> [SOURCE RECORDS]
====================

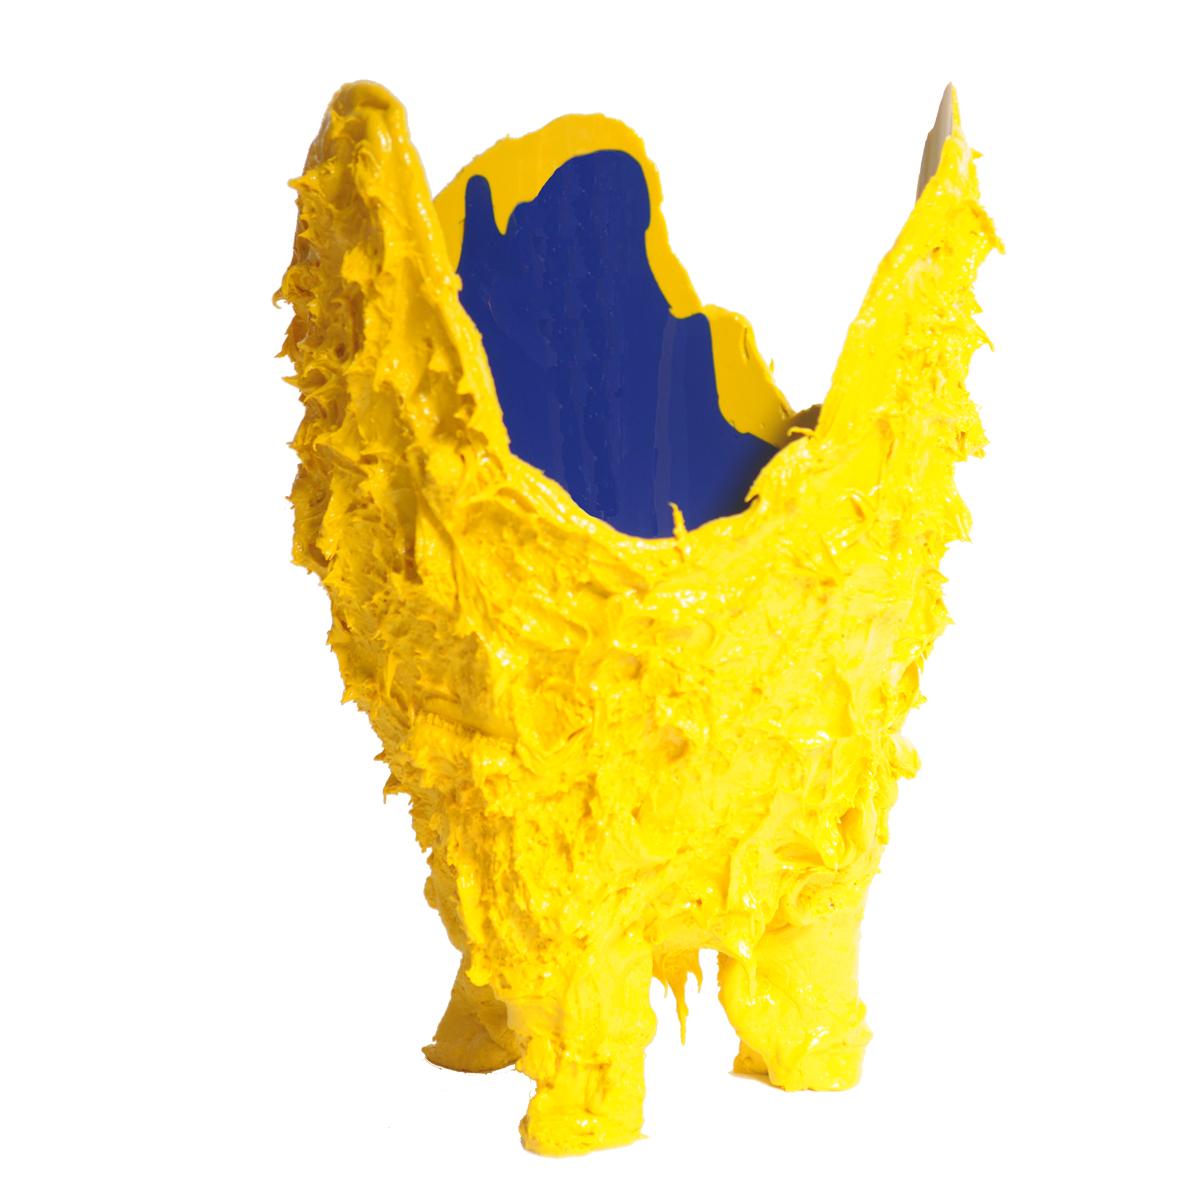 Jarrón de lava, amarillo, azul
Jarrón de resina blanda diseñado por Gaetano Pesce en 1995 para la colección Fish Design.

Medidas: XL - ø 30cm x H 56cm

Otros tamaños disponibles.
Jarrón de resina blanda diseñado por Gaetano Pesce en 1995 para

====================

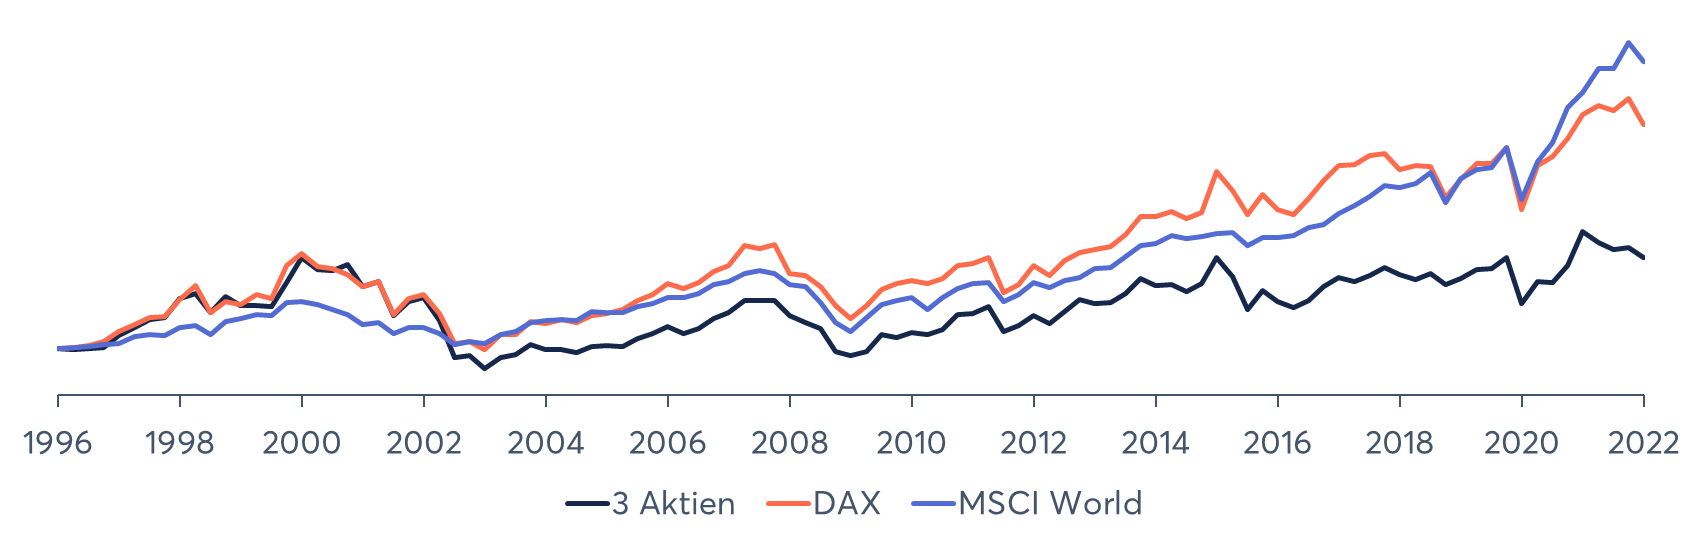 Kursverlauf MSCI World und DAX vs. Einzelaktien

====================

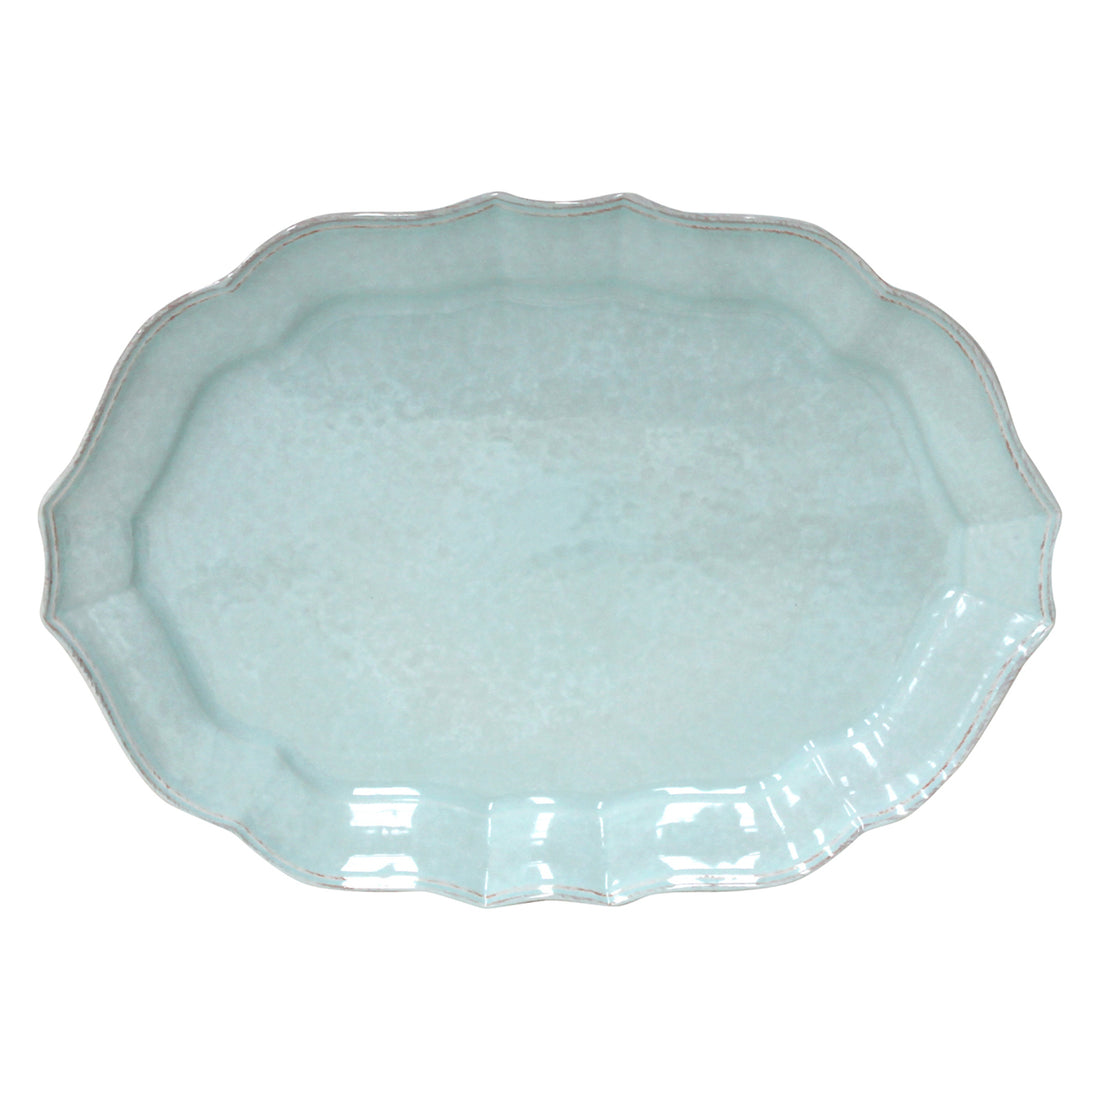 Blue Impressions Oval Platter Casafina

====================

> [DIRECTIONS FOR THIS TASK] Using the material above, tally the lines that hold the string "resina". Reply with the number alone.

> [REPLY TO THE EXERCISE] 2